Gas-Phase Synthesis, Structure And Surface Acid-Base Properties Of Highly Dispersed Vanadia/Titania/Silica Catalysts

The atomic layer deposition (ALD) method based on surface-saturating gas-solid reactions was applied to grow vanadia species on highly dispersed titania/silica supports with from submono- to above monolayer levels of titania. The physicochemical properties of the V2O5/TiO2/SiO2 catalysts were examined with N-2 adsorption, XRD, XPS and Raman spectroscopy techniques. The catalysts were compared to the corresponding titania supported catalysts, and besides a series of liquid-phase impregnated samples were characterized for comparison. In the ALD catalysts, isolated and highly dispersed tetracoordinated VOx species were formed on titania/silica supports with only small impact on the surface area and porosity of the support. Vanadia was homogeneously associated with both the surface titania species and the uncovered silica support.

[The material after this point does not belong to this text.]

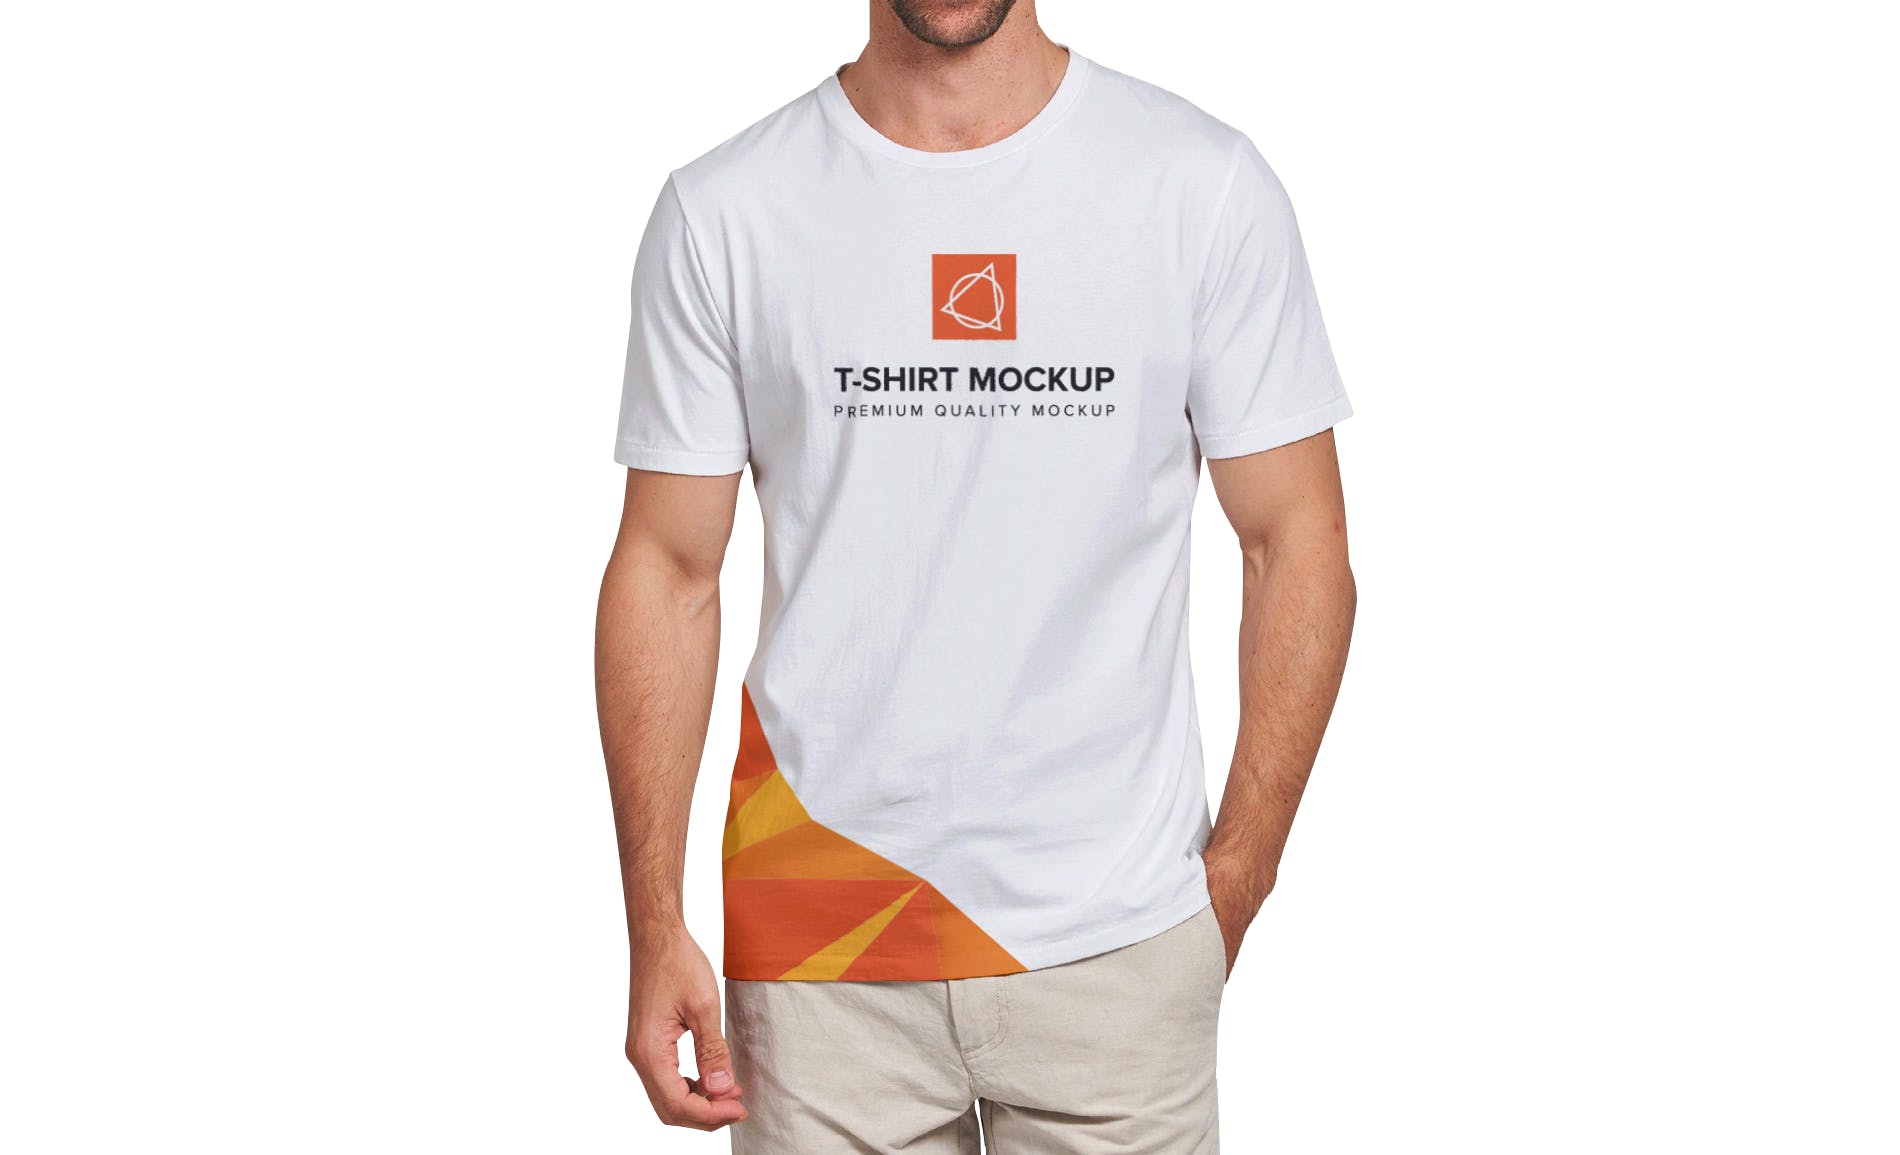 男士T恤印花设计效果图样机16设计网精选v03 T-shirt Mockup Vol 03插图(4)
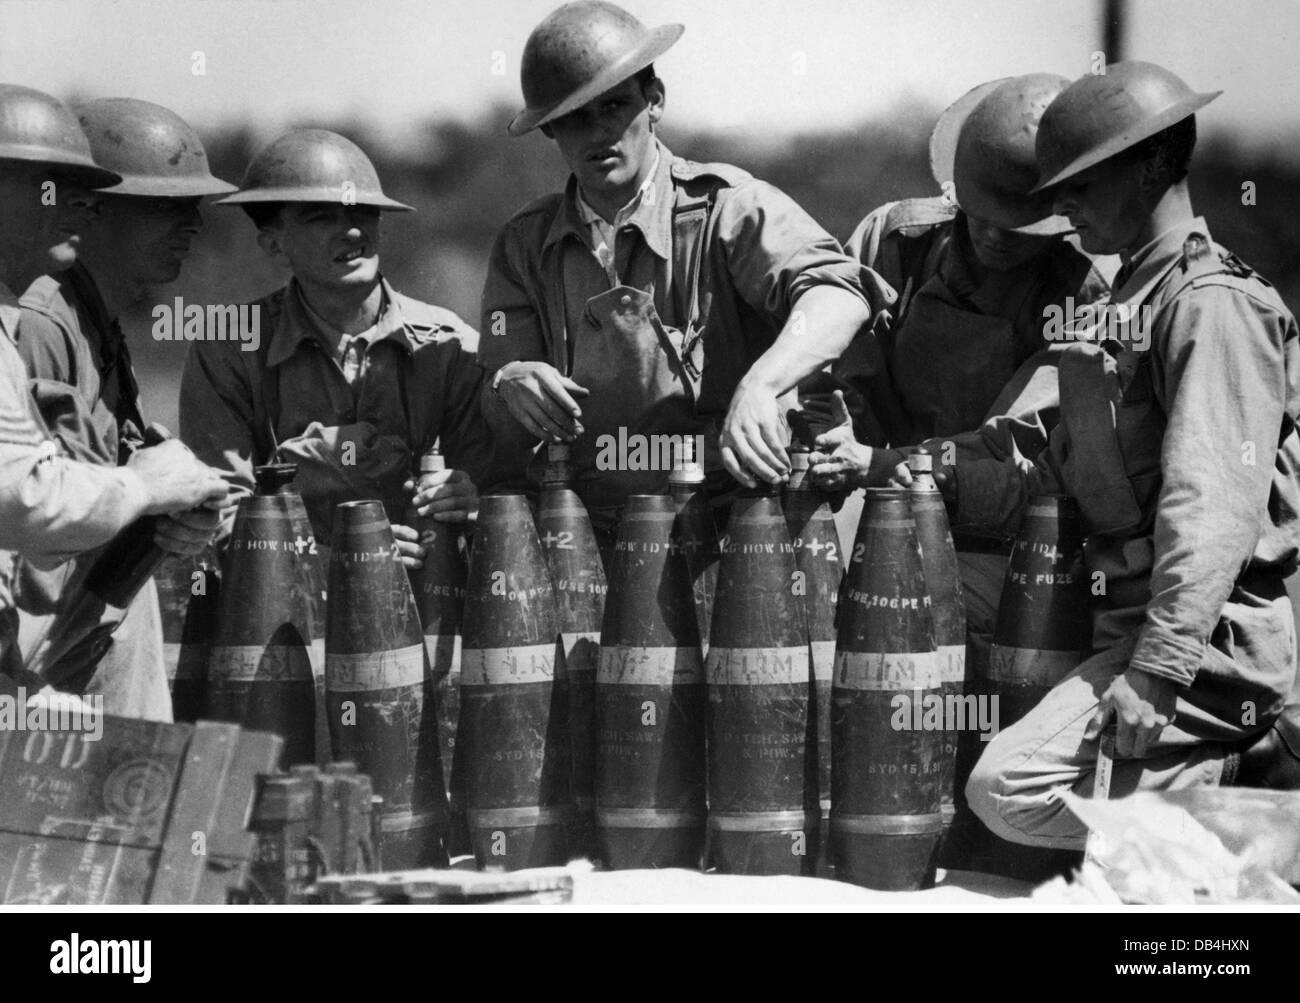 Militaire, Australie, artilerymen pendant leur entraînement, vers 1940, droits additionnels-Clearences-non disponible Banque D'Images

However, in the impregnated catalysts, crystalline vanadia at low titania coverage and TiOx agglomeration at high titania level decreased the surface area. Vanadia had also a preferential interaction with the titania phase. Moreover, the better dispersion of the active species in the ALD catalysts was confirmed by XPS of NH3 adsorption and microcalorimetry of NH3 and SO2 adsorption. The number and strength of acid-base sites on the surface of the catalysts were directly related to the V-O-Ti and V-O-Si concentrations as well as to the titania and vanadia dispersion in the samples, in favor of the ALD catalysts.